◆ Your instructions
For this exercise, copy the data exactly and omit any images.

◆ Provided material

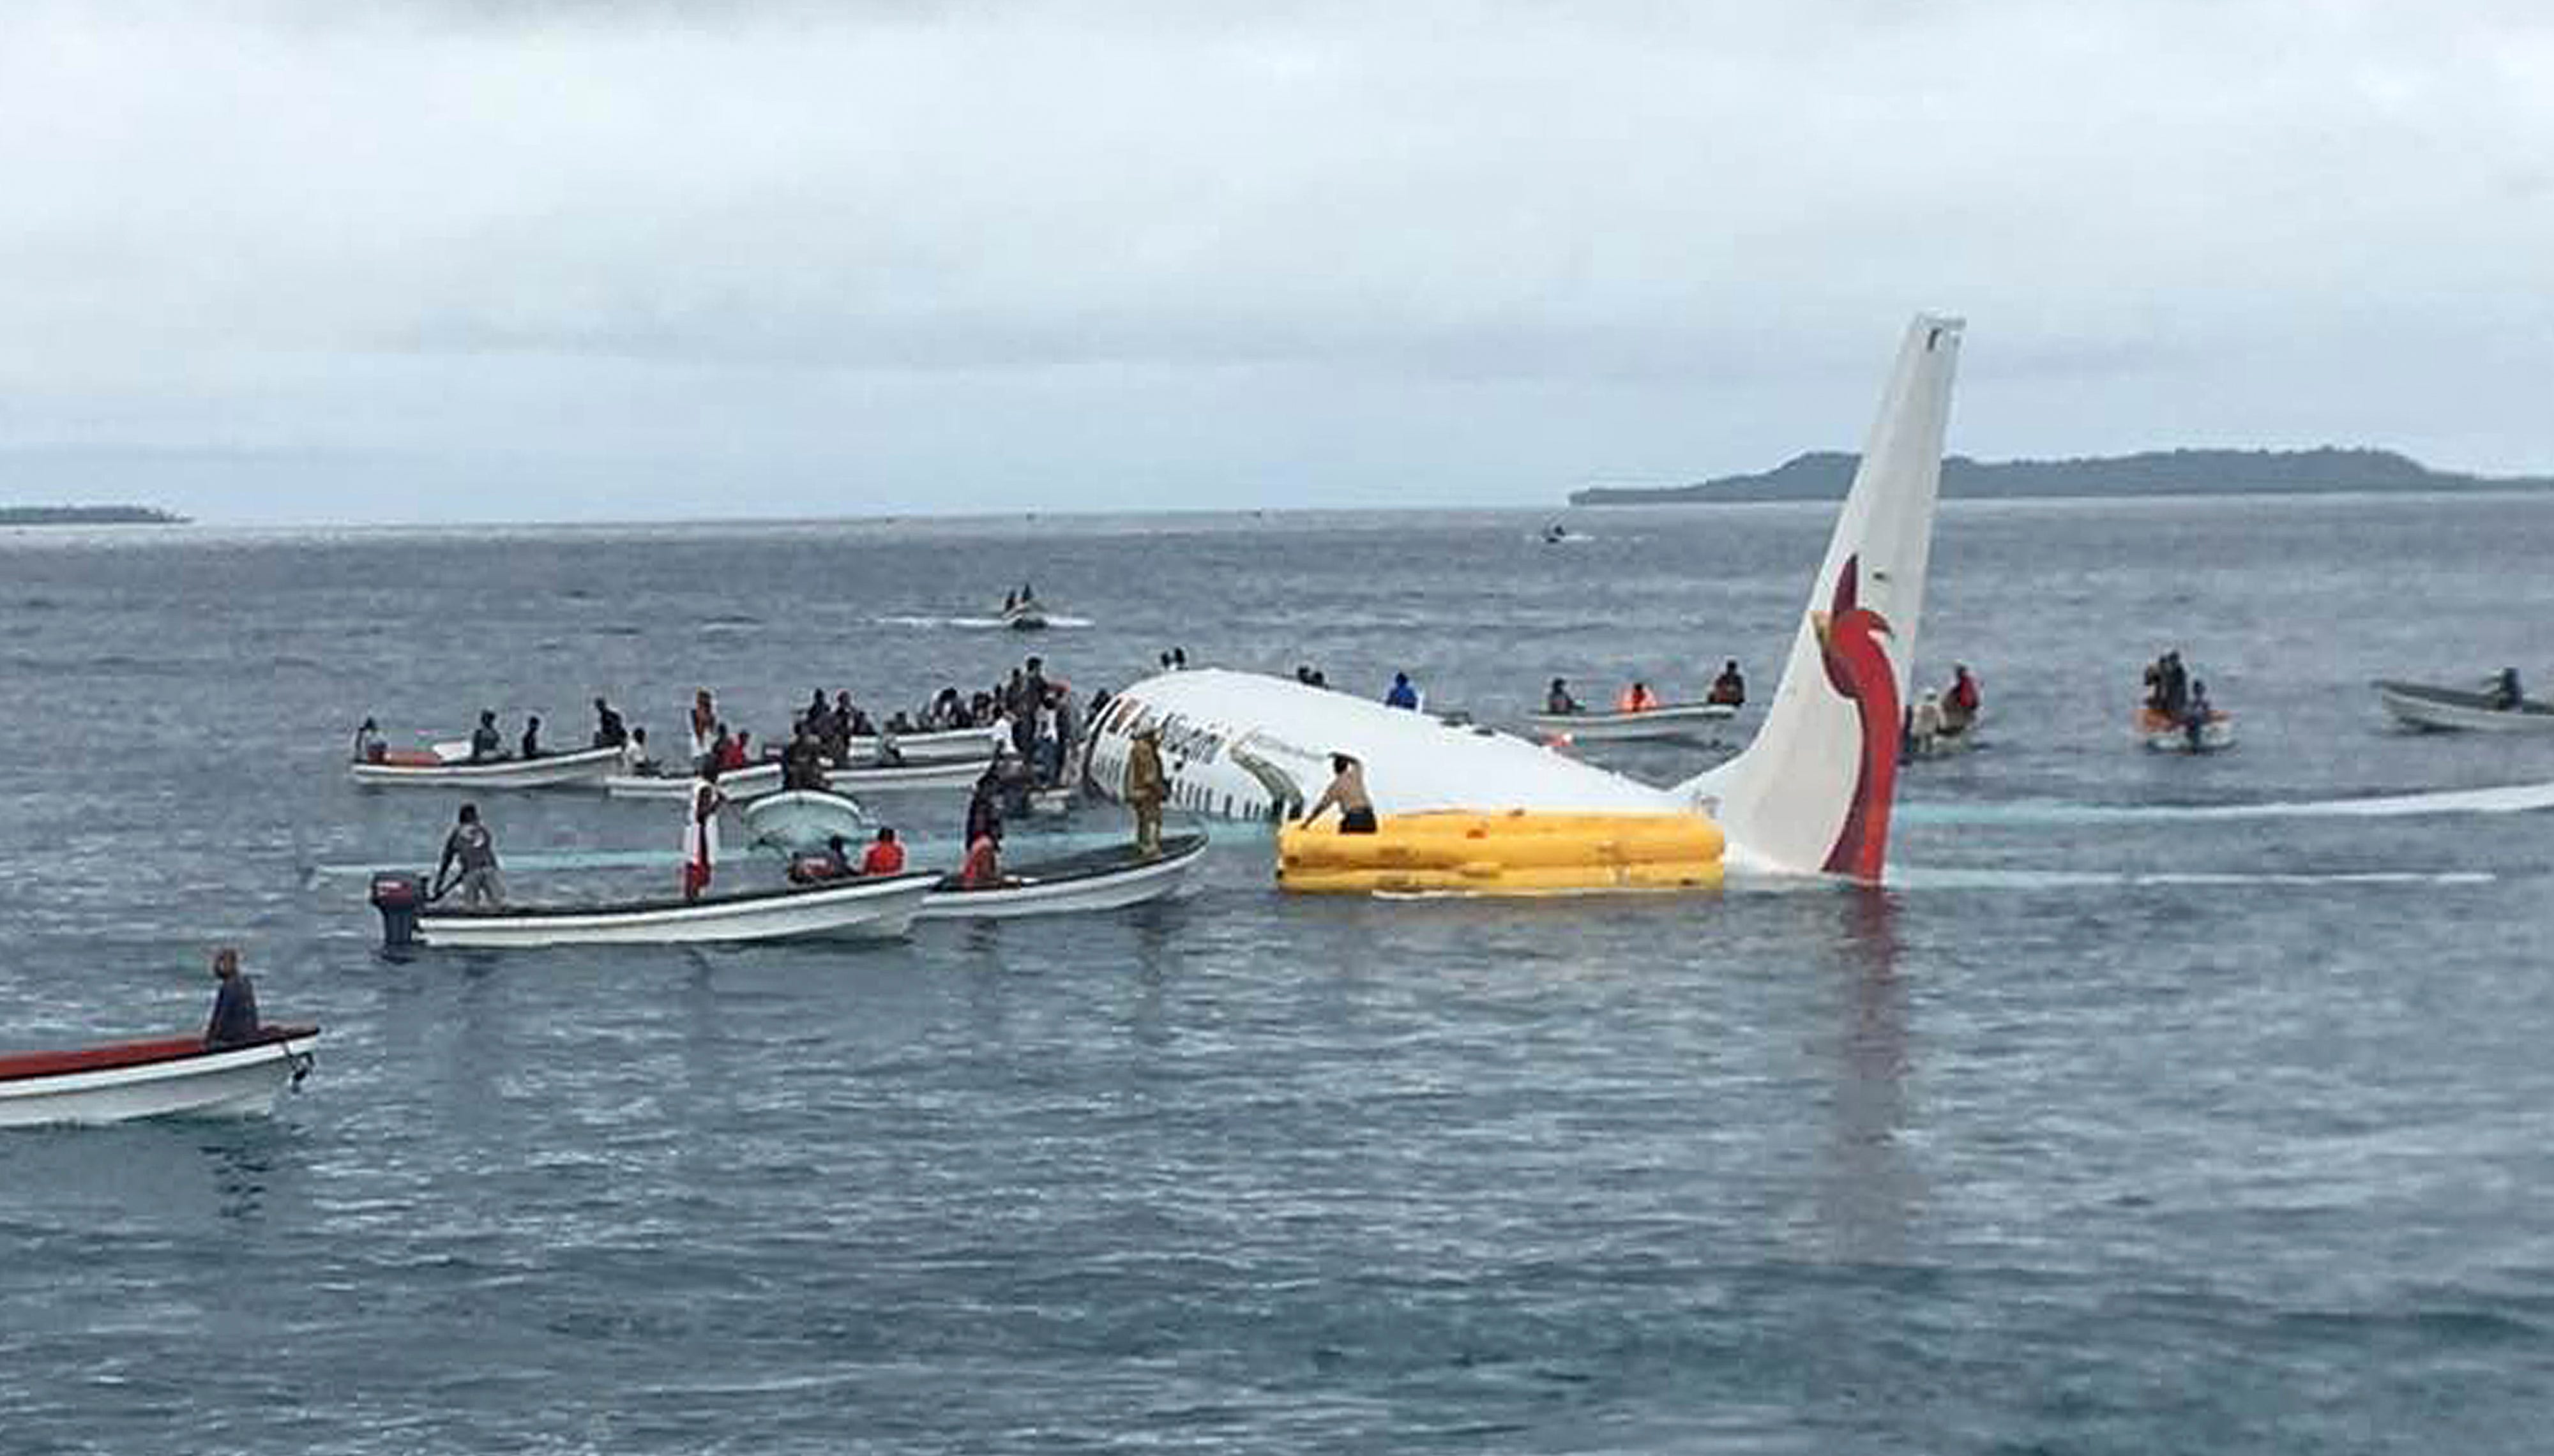 Самолет приземляющийся на воду. Аварийная посадка a320 на Гудзон запись. Самолёта Boeing 737 посадка на воду. Самолет Air France, который упал в Атлантический океан в 2009 году. Самолет упал в воду.
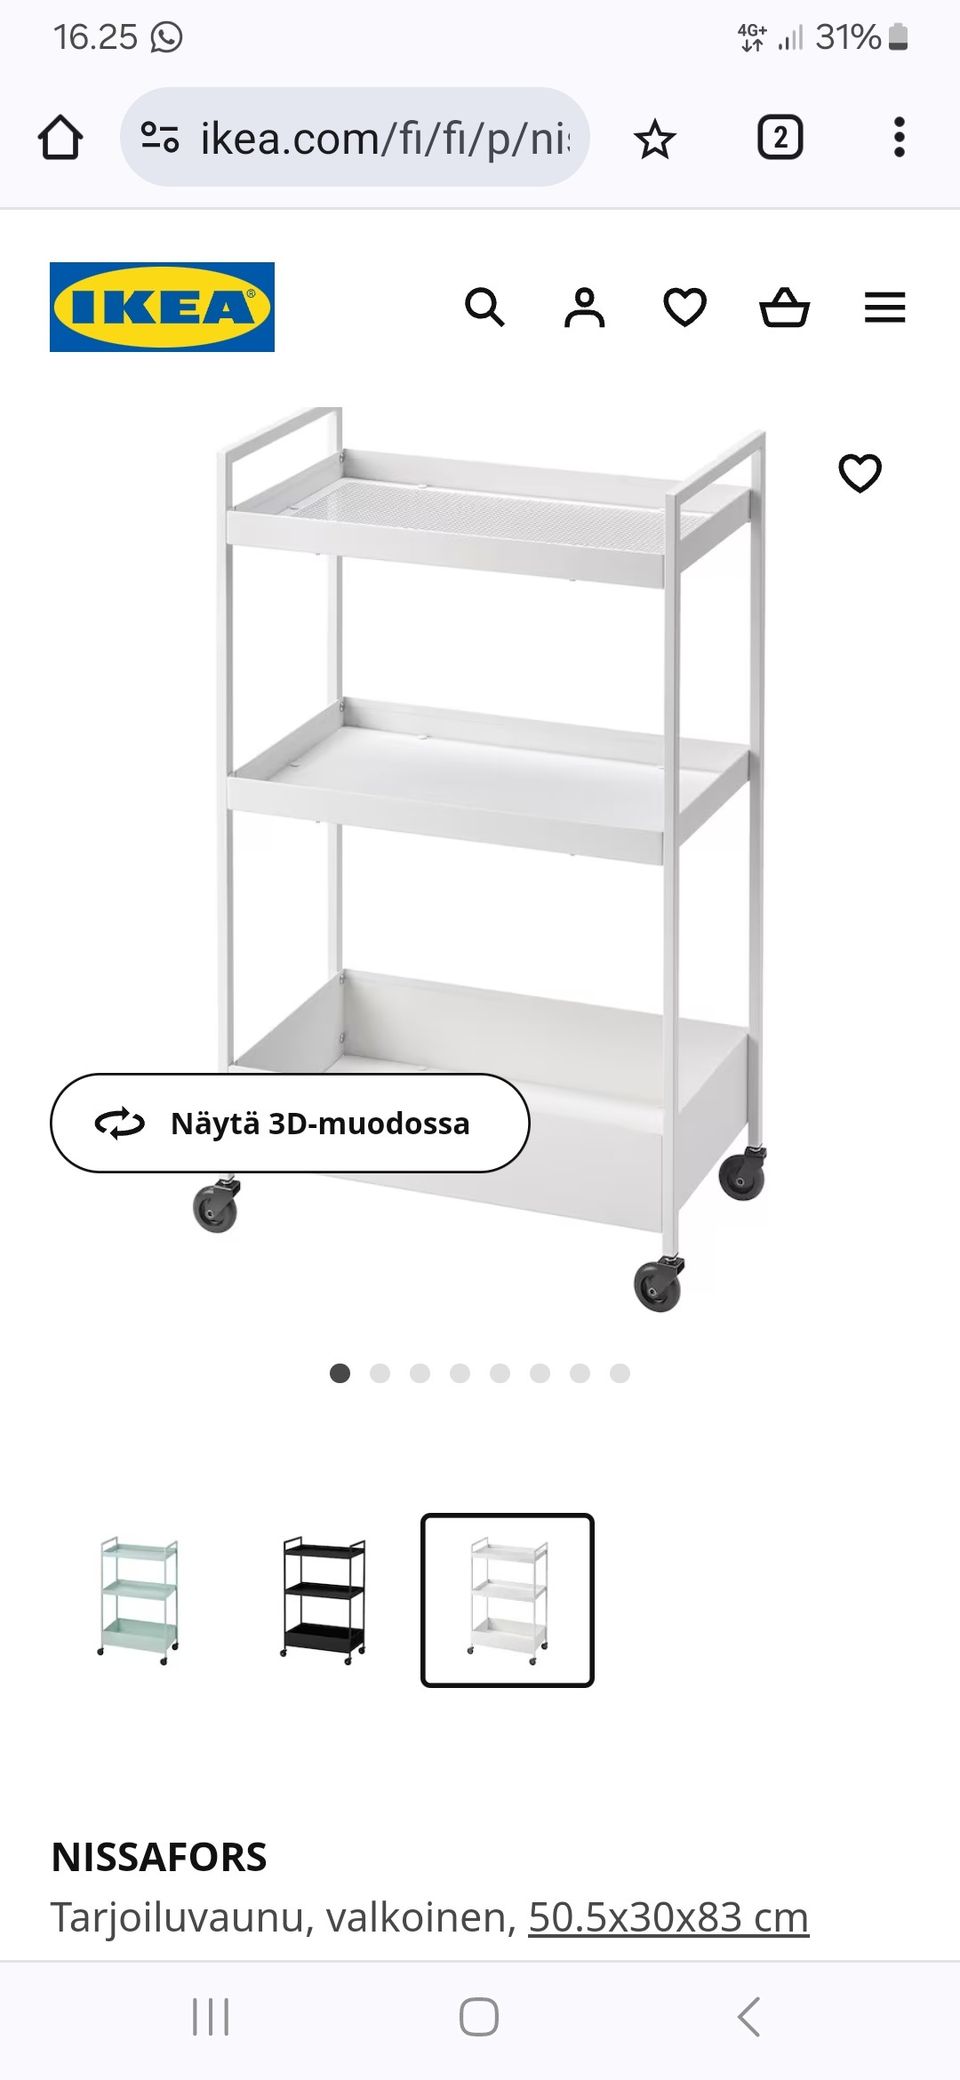 Ikea Nissafors tarjoiluvaunu
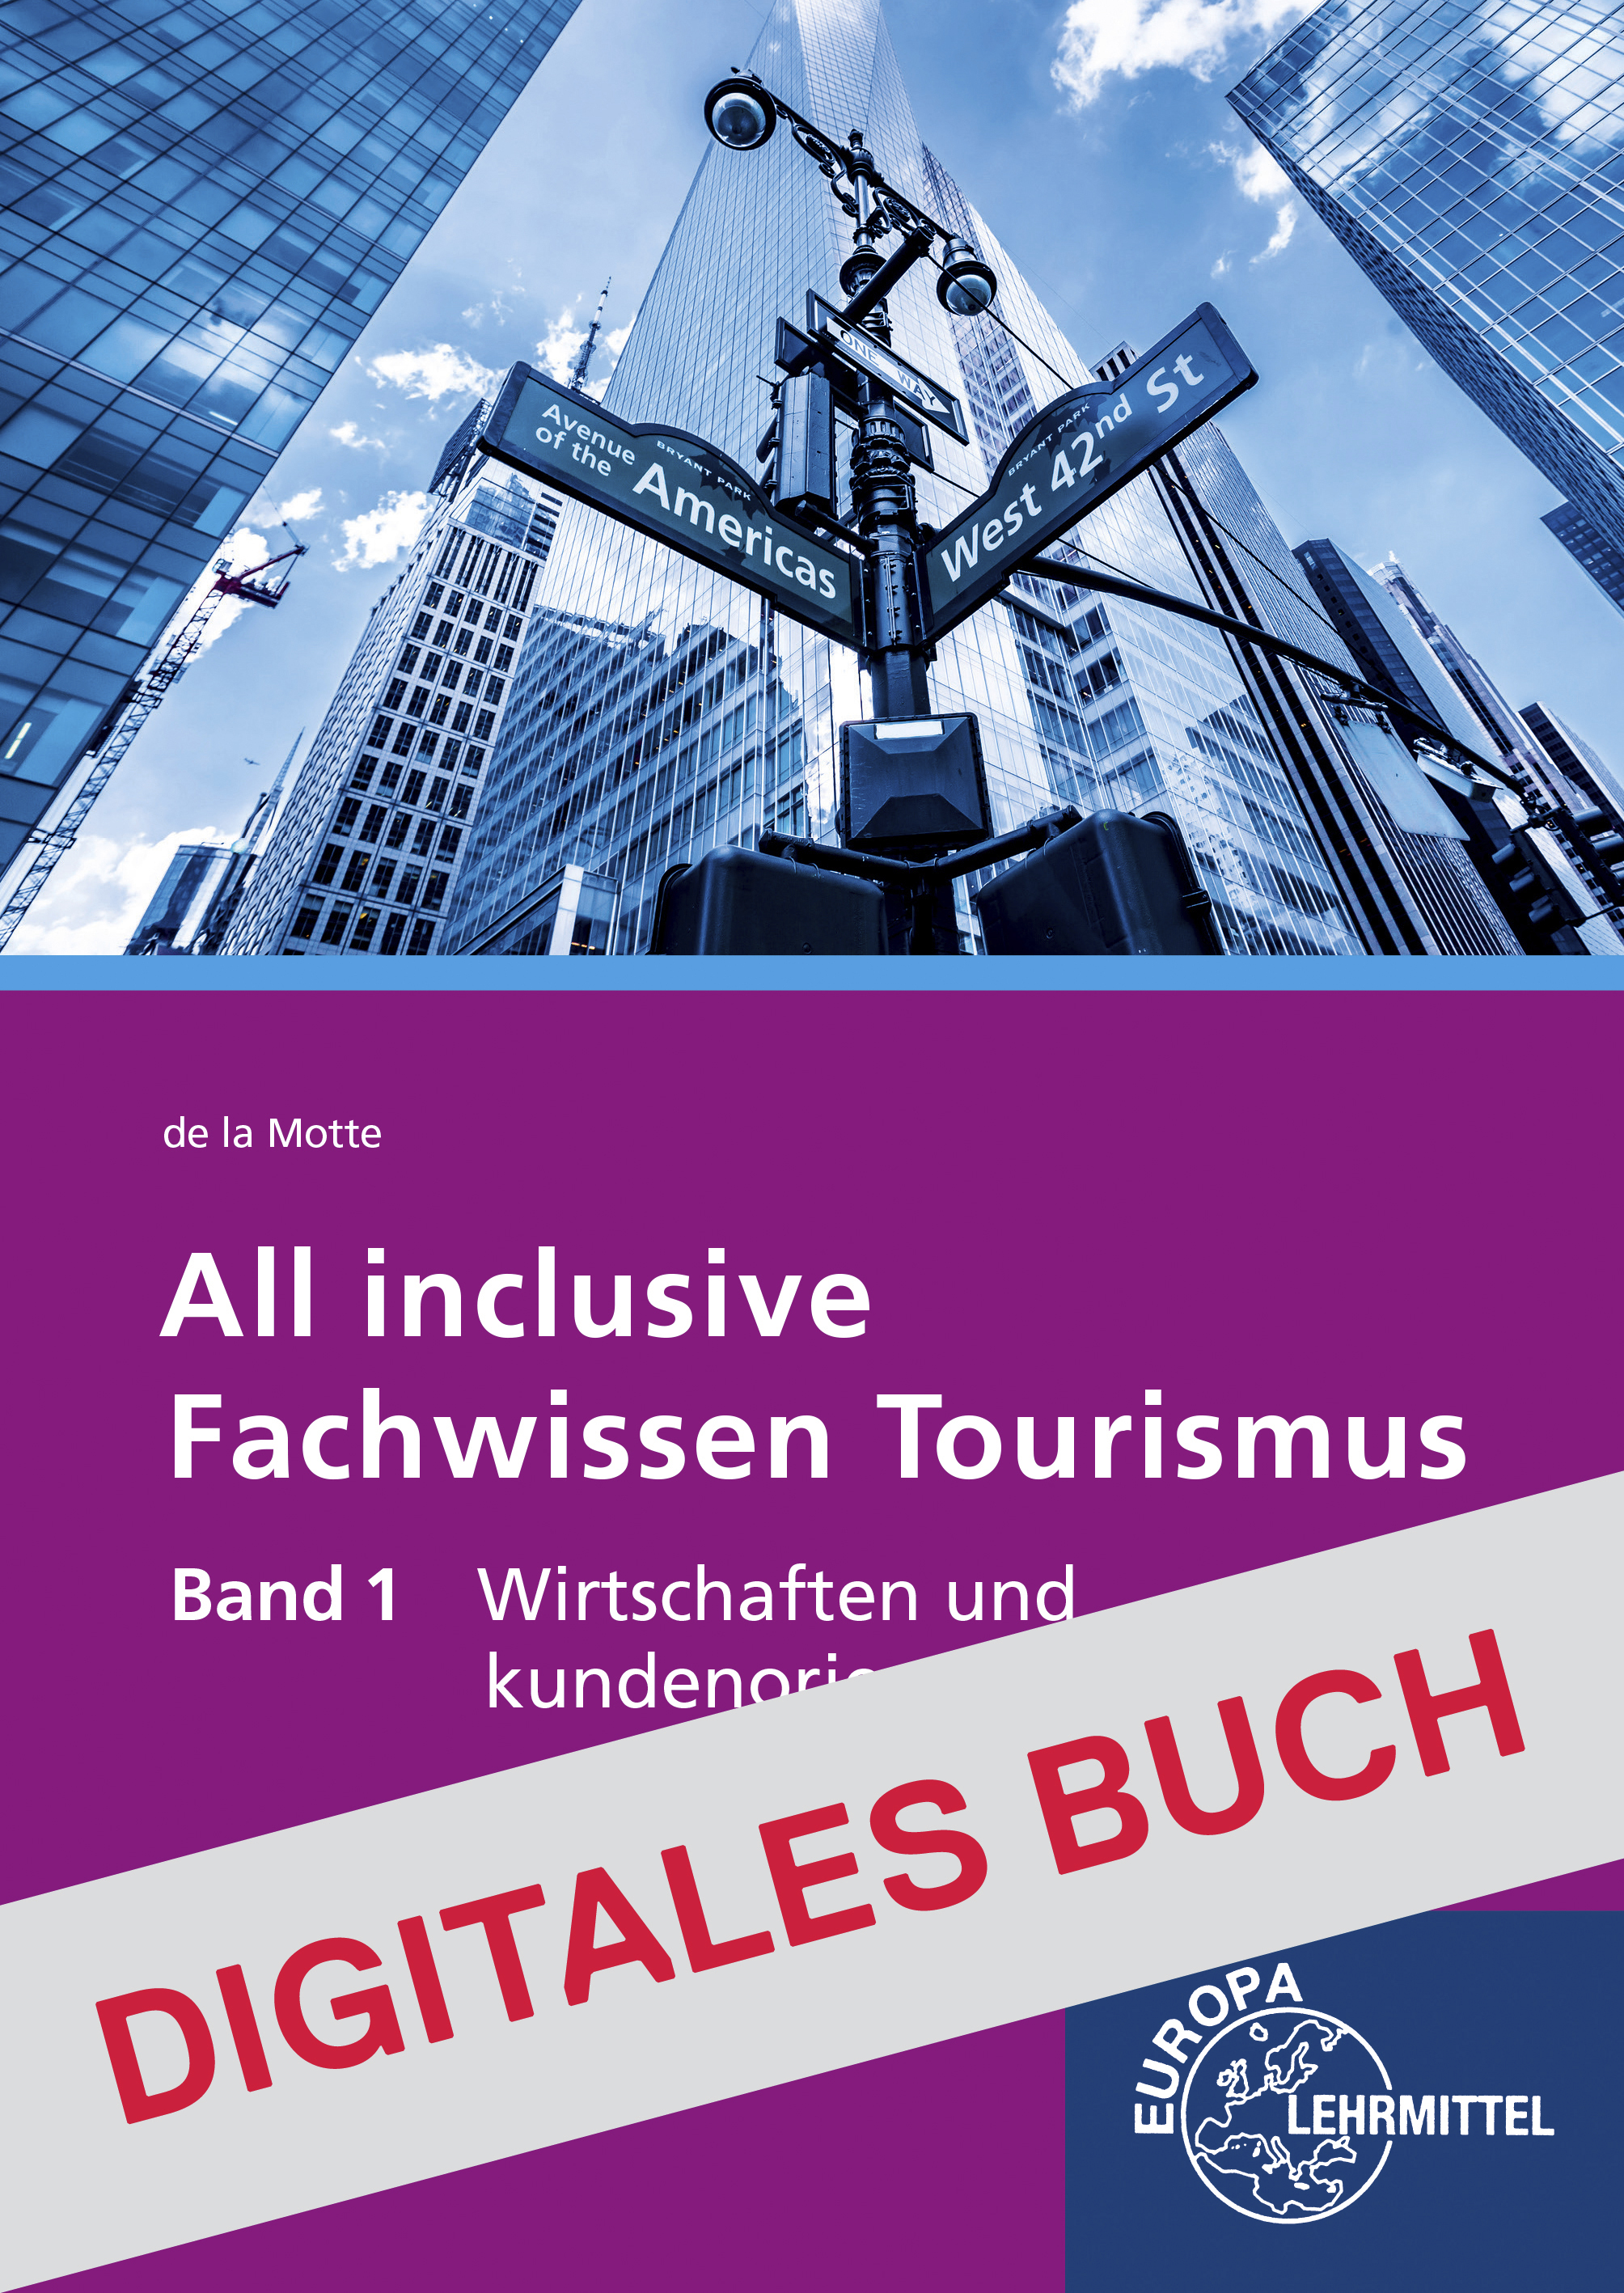 All inclusive - Fachwissen Tourismus Band 1 - Digitales Buch

◆ Exercise response
 Самолет приземляющийся на воду. Аварийная посадка a320 на Гудзон запись. Самолёта Boeing 737 посадка на воду. Самолет Air France, который упал в Атлантический океан в 2009 году. Самолет упал в воду.
 Ikea Nissafors tarjoiluvaunu
 All inclusive - Fachwissen Tourismus Band 1 - Digitales Buch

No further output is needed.